The Data Standard Presents: 25 Under 25
Meet The 2020 Class of Top Data Science Contributors and Thought-Leaders
At The Data Standard, we are continually compiling data on talent and technologies. We want to highlight and acknowledge some of the fine work done by undergraduates and recent college graduates in the data science field.
After looking at hundreds of Data Scientists in the Tech, Retail, Finance, and Transportation sectors from many backgrounds in statistics, physics, computer science, and others. Our list is based on the quality of work these young minds have been able to accomplish before the age of 25.
The Data Standard proudly announces 2020’s 25 Under 25 List and look forward to seeing what these brilliant minds will do next in their careers. We know that they will continue to build great solutions that will have a meaningful impact on our lives.
Listed alphabetically, here are 25 rising innovators in the data science community:
Advitya just finished up his internship at HP working as a data scientist on their Global Pricing Analytics team. His work involved developing a tool for automating pre-processing checks in HP’s pricing/sales datasets to flag warnings related to bad feature combinations for pricing models refreshed quarterly for all of HP’s products globally. This involved formulating a ranking system by defining metrics to identify the worst combinations of features for pricing models and providing insights with declarative configurations in terms of various kinds of warning reports, heatmaps and time-series plots for individual feature drivers. His advice for job searching is to use rejections and embrace them as a part of the learning process, never give up on your efforts and always seek to learn more!

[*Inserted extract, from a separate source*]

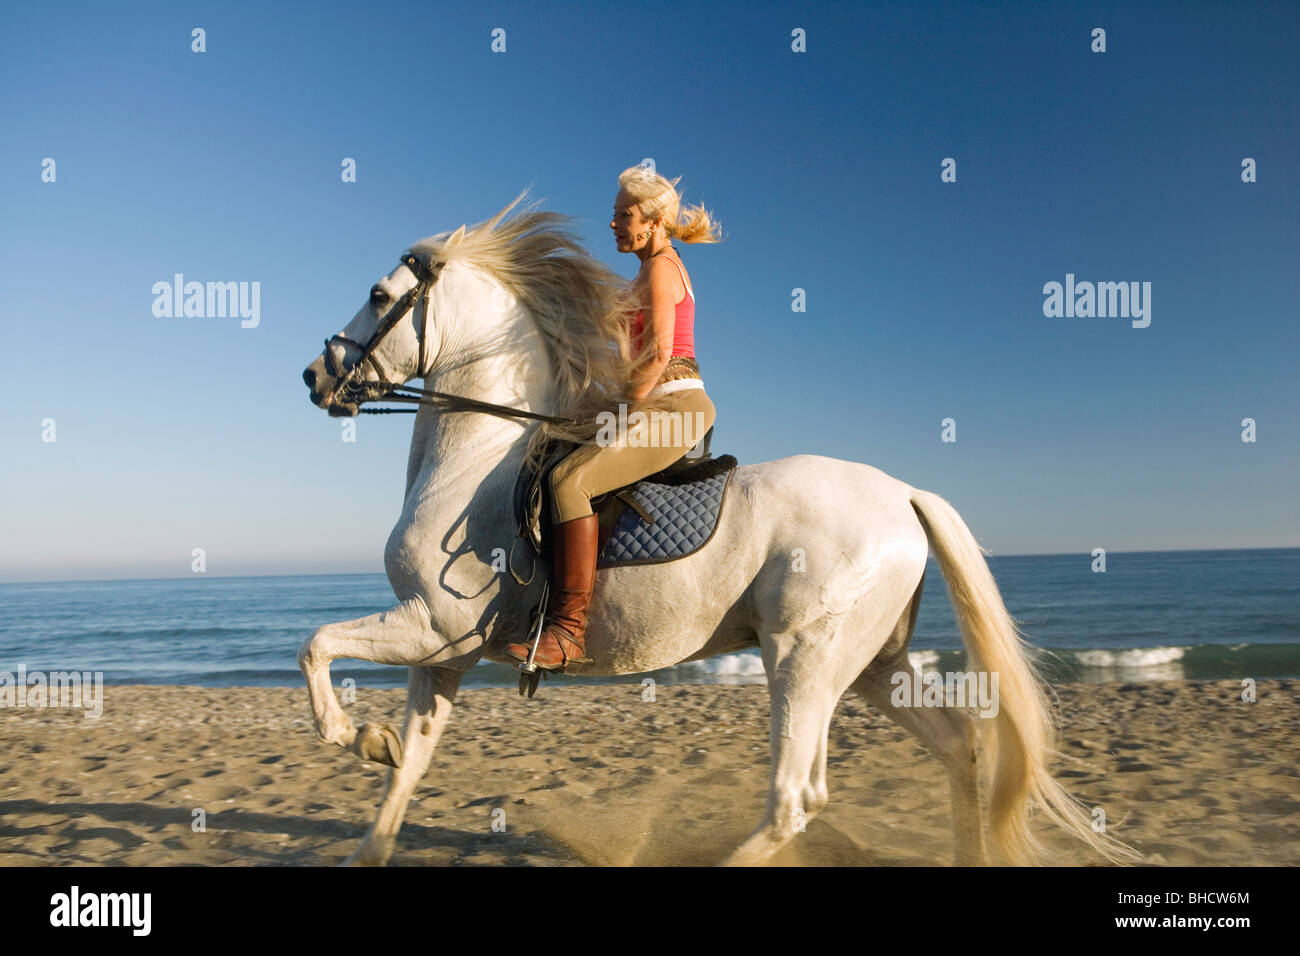 Woman riding horse on the beach Stock Photo

Ani is currently a Quality Engineering Intern at ServiceNow. He is working within the Machine Learning team to make sure that they continue to ship quality products. His focus is on automating tests for upgrading between versions of our product and make sure that the relevant functionality works for the previous version and newer version after the upgrade process. This is important because it reduces the need for manual tests while increasing productivity within the team.
This past summer Ayush worked virtually as a Software Engineering intern at Cisco. He worked with the Blade Storage team on Redfish API testing and automation scripts to efficiently interact with Cisco’s data center infrastructure. He enjoys the work he did at Cisco because he got to experience industry practices and culture, which give him insight into the applications of data science in software engineering. In addition to his work at Cisco, he has also worked on several side projects using ML to identify key predictors for contraceptive usage for Indian women through the Qualcomm Learning Academy.
Catherine Tao is an intern and executive producer at The Data Standard where she develops insightful summary articles from The Data Standard Audio Experience Podcast episodes. She is passionate about networking and connecting with others to help foster the data science ecosystem. She just finished organizing a virtual event on August 25th where major data scientists from NASA, Microsoft, Samsung, and more all come together for our workshop and networking community event. To learn more about upcoming events and hear from inspiring data scientists, check out the website and podcast.
Darren is currently working for NASA as a Cybersecurity Intern for JPL’s cybersecurity team. JPL space missions require ground support with complex technologies to ensure successful missions, and these systems are always at risk of cyberattacks. To proactively prevent cyberattacks from happening, JPL created software that utilizes graph-based strategies to predict potential attack paths throughout the systems and discover potential vulnerabilities that can be patched. Darren’s job is to explore possible graph database options that can ultimately replace the current database that will scale much better. This process involved researching popular graph databases, down-selecting, creating arbitrary graphs of up to 10 million nodes/50 million edges, benchmarking basic graph algorithms between the two databases, and implementing more specific algorithms currently used in the JPL software for further comparisons.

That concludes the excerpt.